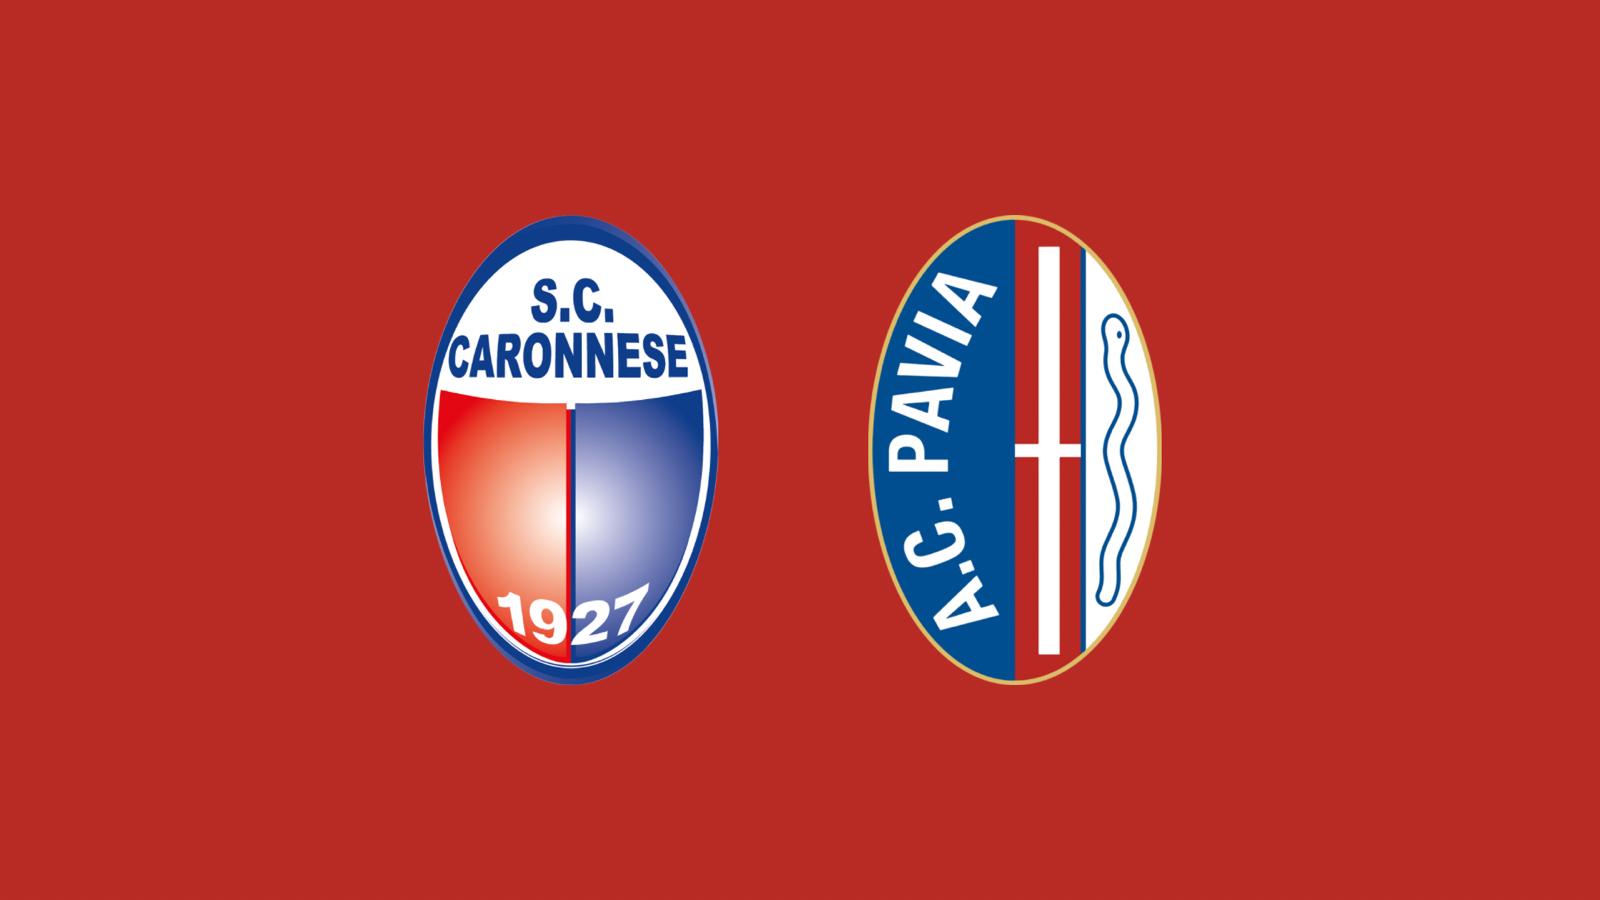 Caronnese 2-2 Pavia, Migliavacca rovina la fuga nel recupero: il commento
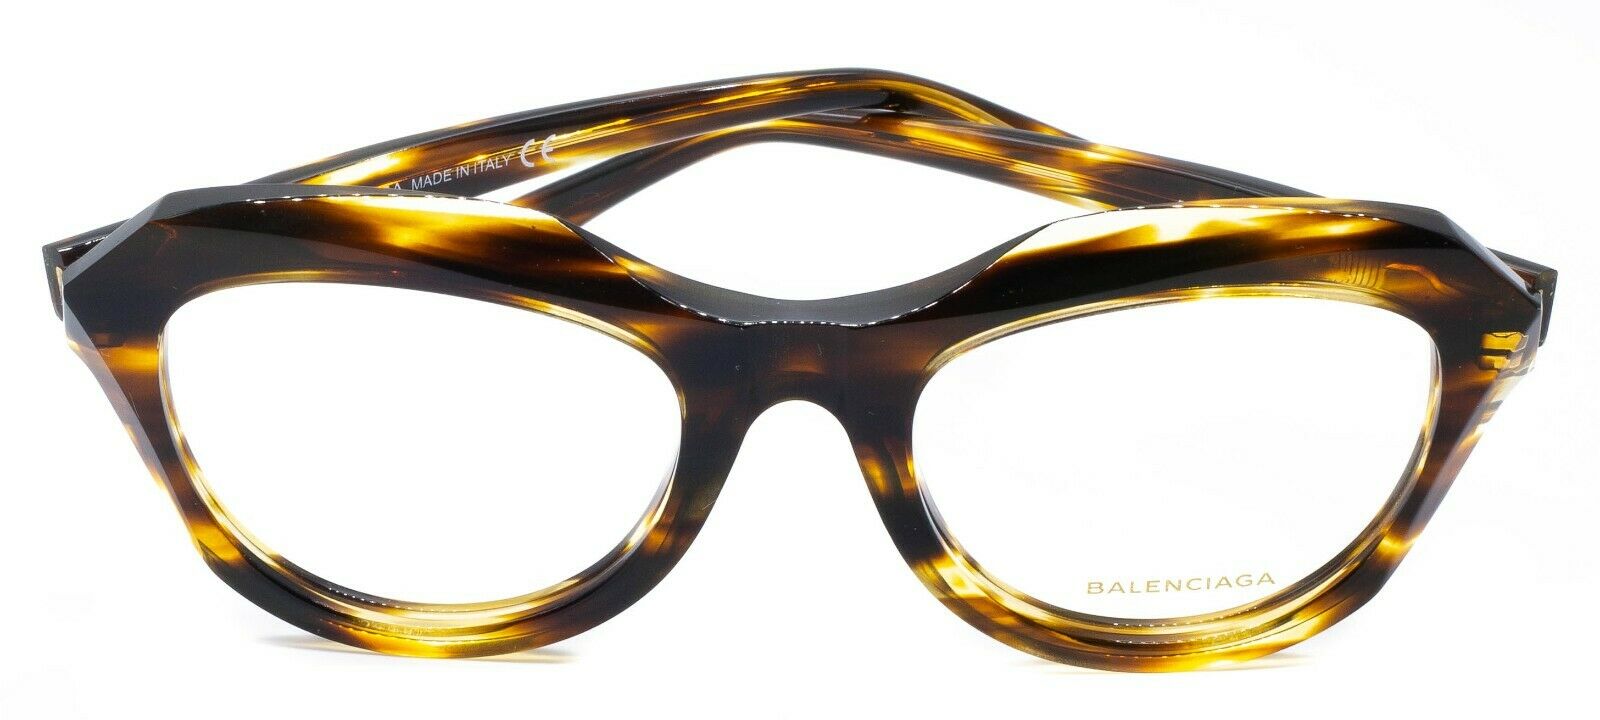 BALENCIAGA BA 5076 050 51mm Eyewear FRAMES RX Optical Eyeglasses BNIB New -Italy
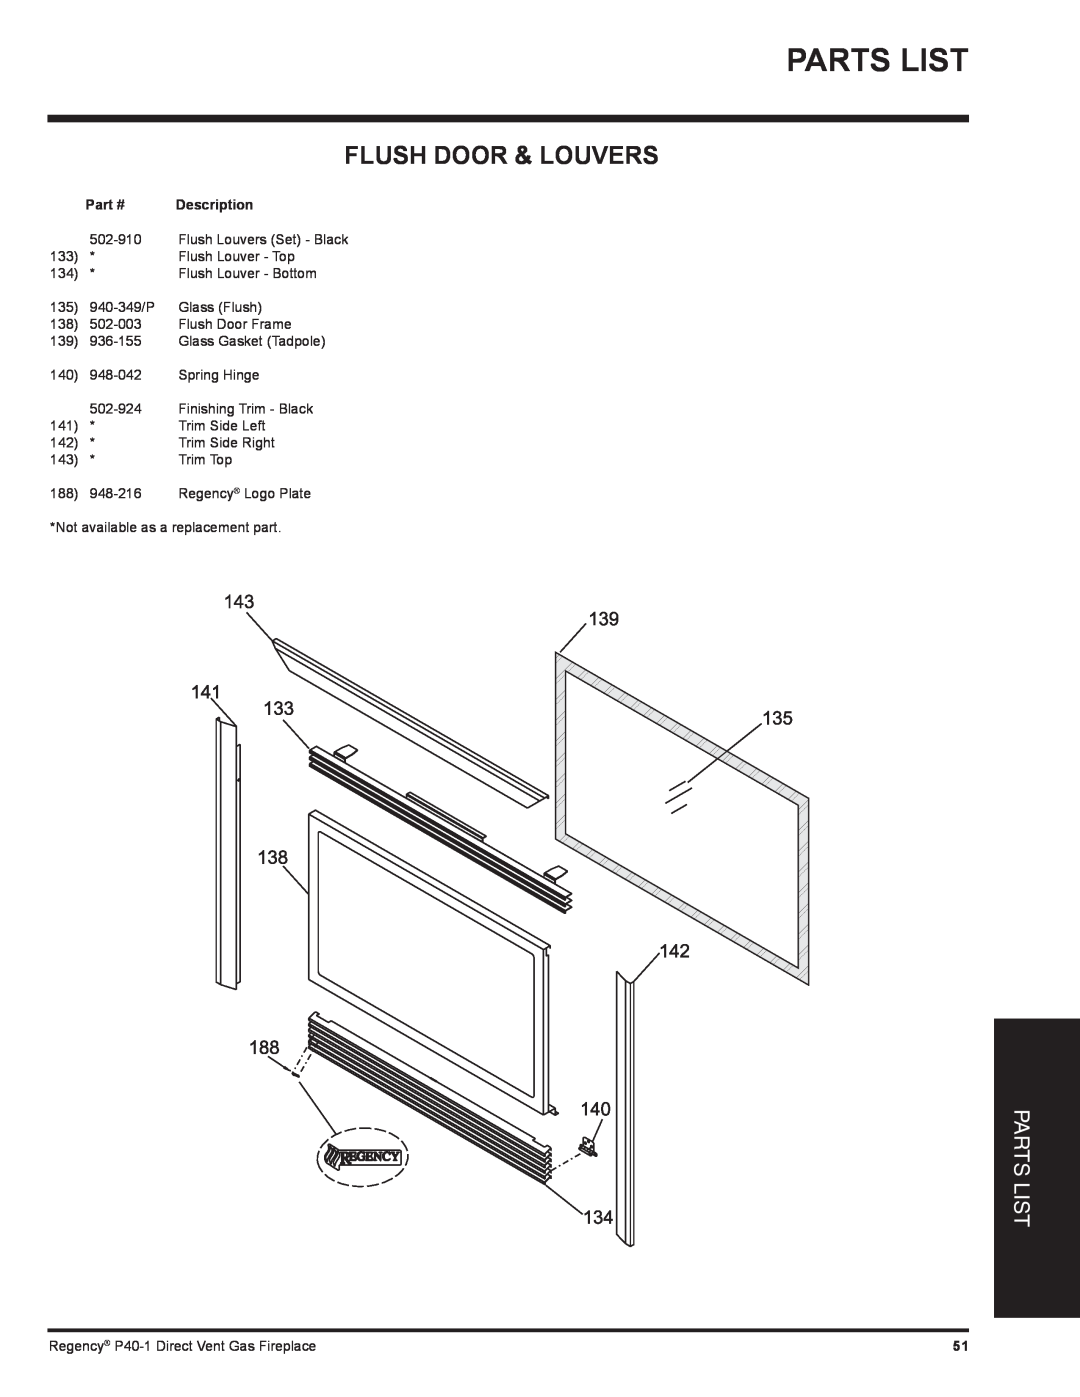 Regency P40-LP1, P40-NG1 installation manual Flush Door & Louvers, Parts List, Part #, Description
———
- About this exercise -
With the pictures omitted, reproduce the data above exactly.

- Answer space -
 Caronnese 2-2 Pavia, Migliavacca rovina la fuga nel recupero: il commento
 BALENCIAGA BA 5076 050 51mm Eyewear FRAMES RX Optical Eyeglasses BNIB New -Italy
 Regency P40-LP1, P40-NG1 installation manual Flush Door & Louvers, Parts List, Part #, Description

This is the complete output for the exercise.